■ Aim of the exercise: Output the full listing below exactly as it reads, and skip anything that is a picture.

■ Source data:
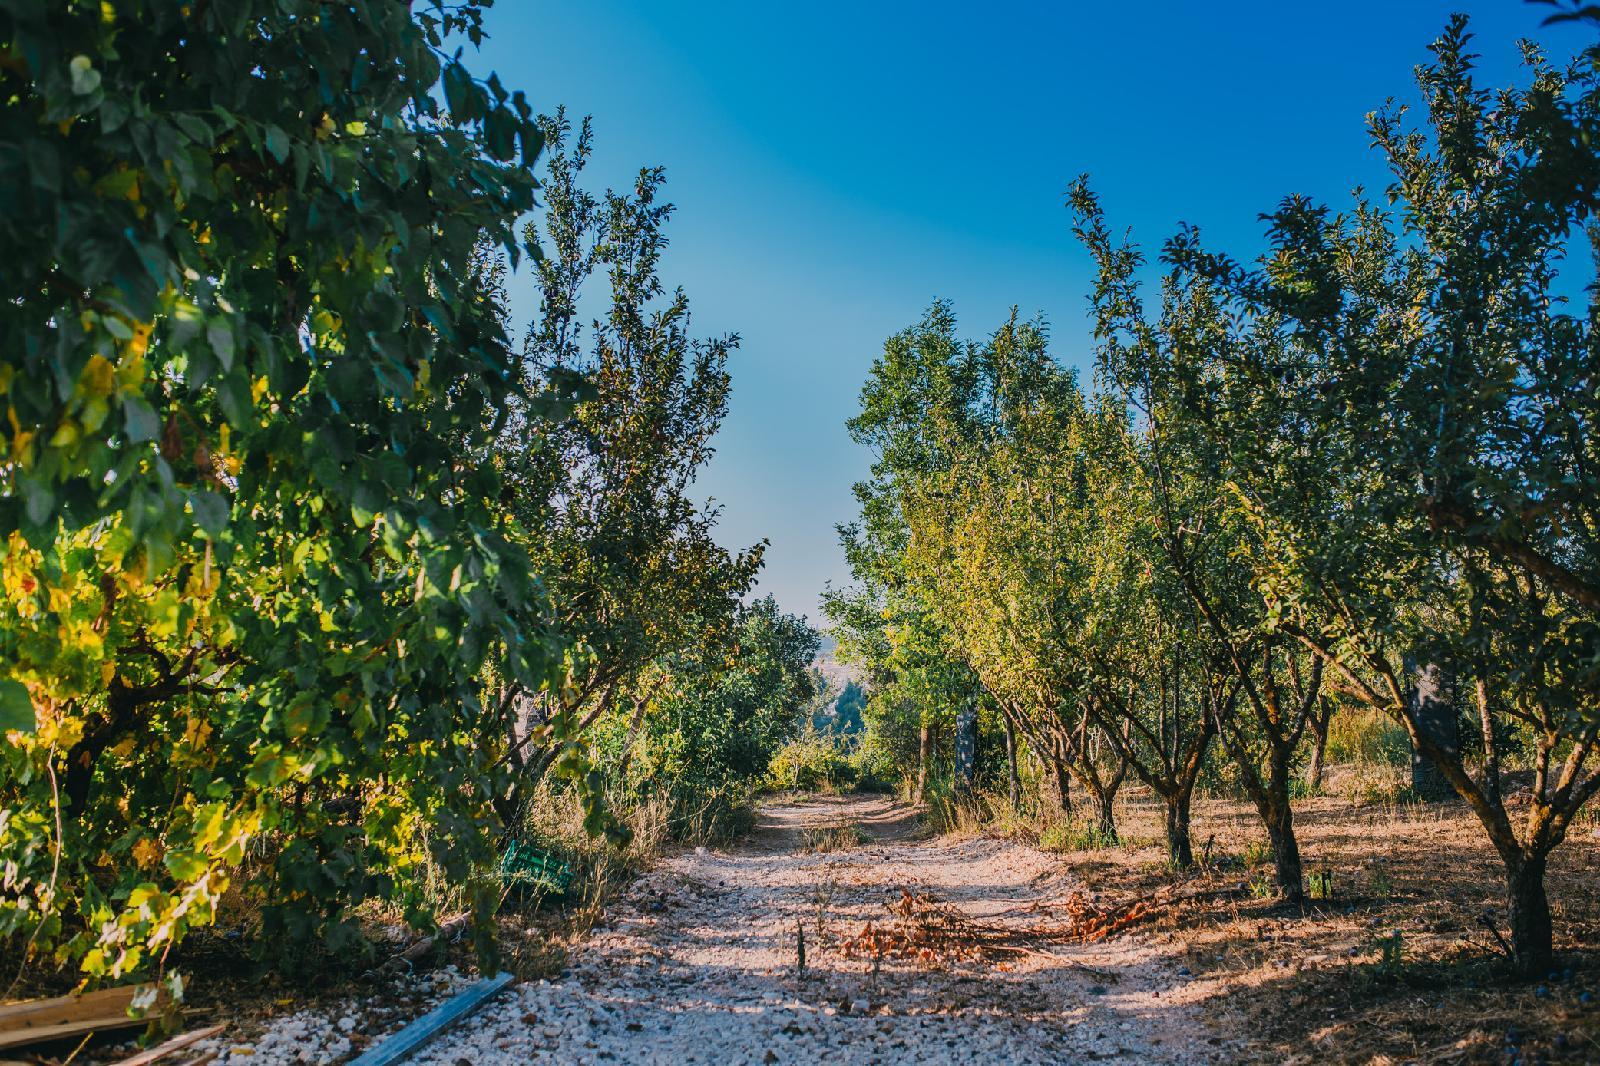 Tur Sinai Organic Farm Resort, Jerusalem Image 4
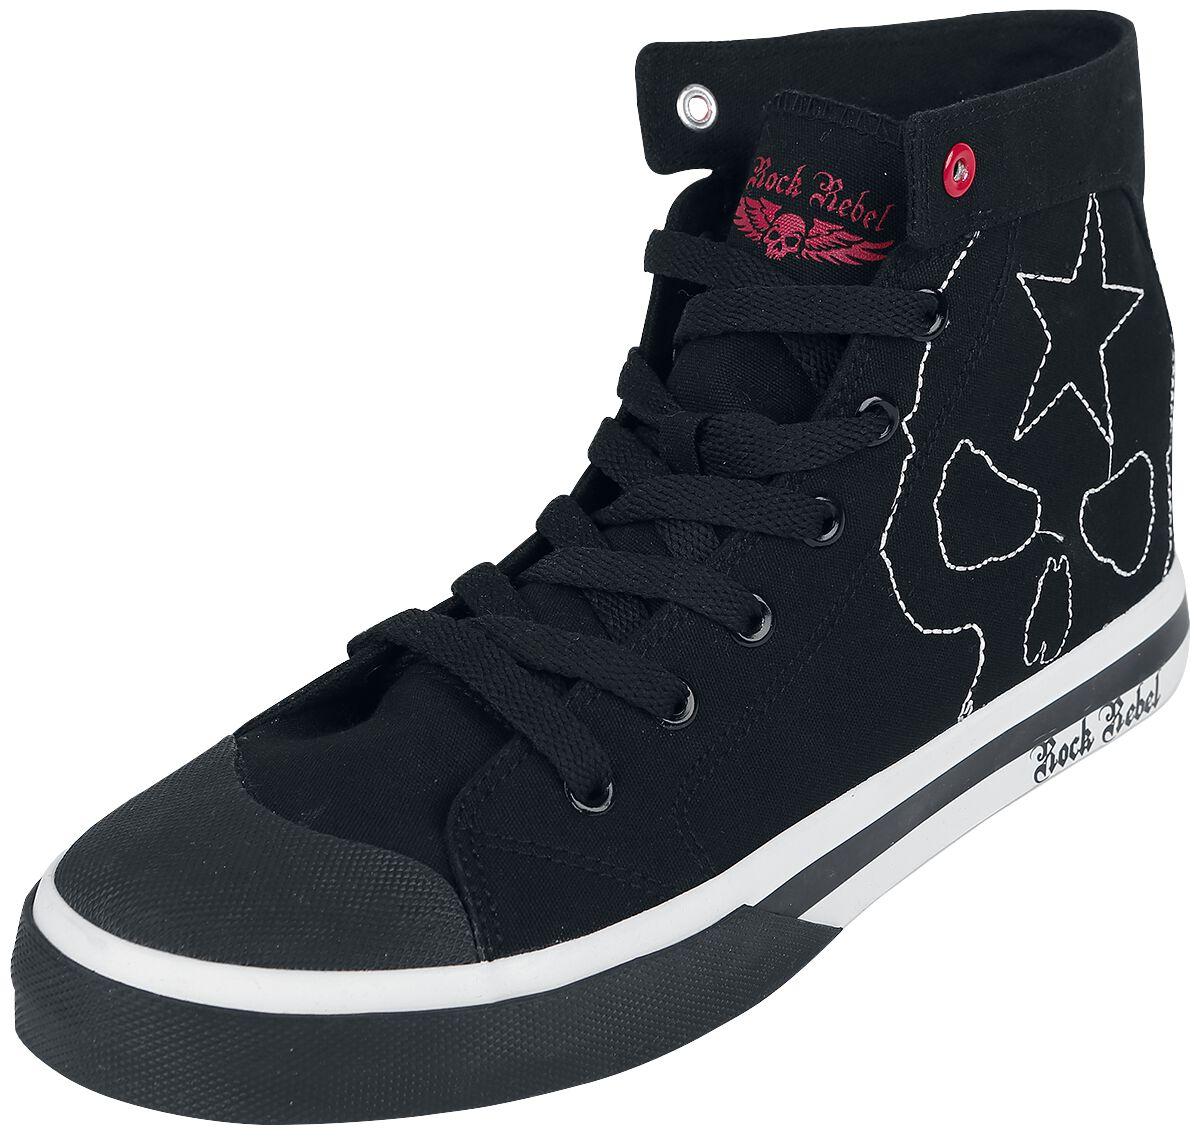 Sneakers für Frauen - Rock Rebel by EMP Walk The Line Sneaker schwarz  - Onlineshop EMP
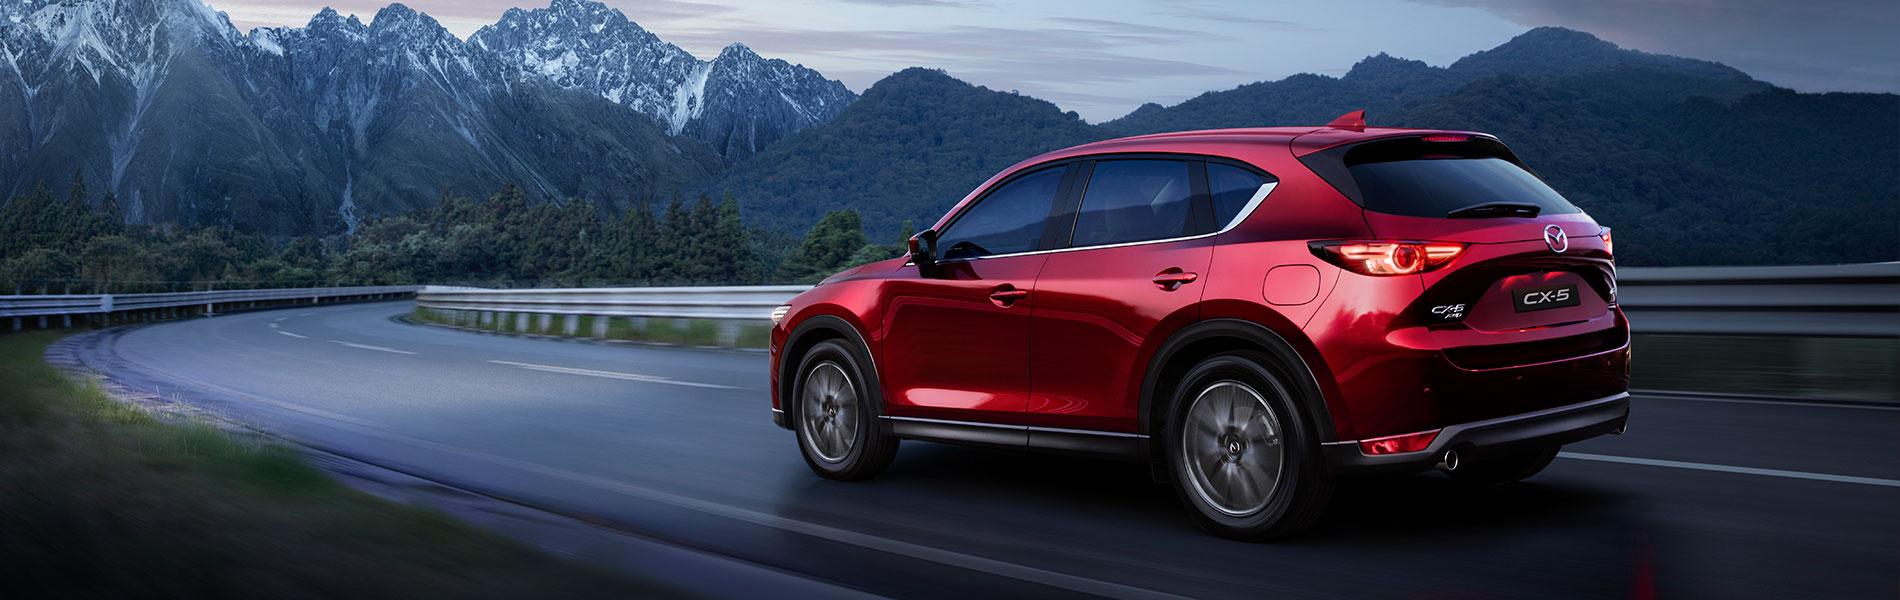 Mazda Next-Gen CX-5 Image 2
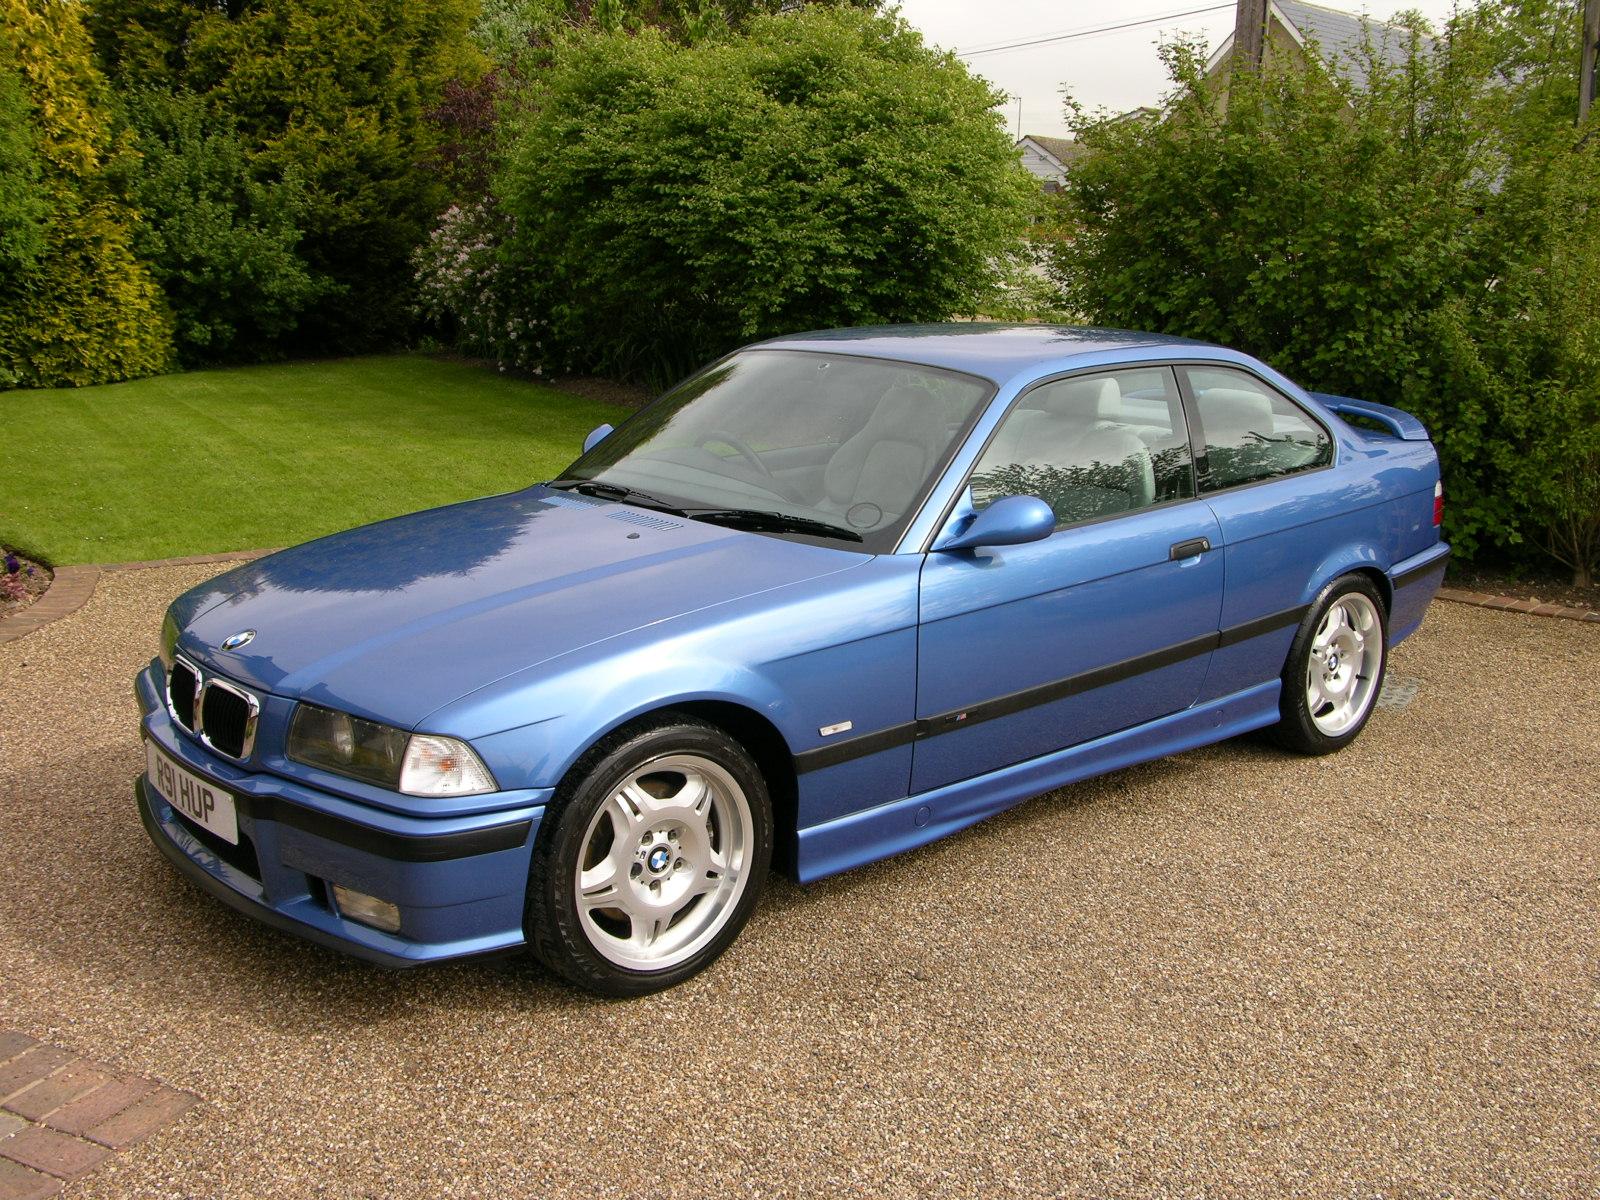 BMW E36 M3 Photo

■ Reply:
 Tur Sinai Organic Farm Resort, Jerusalem Image 4
 Sneakers für Frauen - Rock Rebel by EMP Walk The Line Sneaker schwarz  - Onlineshop EMP
 Mazda Next-Gen CX-5 Image 2
 BMW E36 M3 Photo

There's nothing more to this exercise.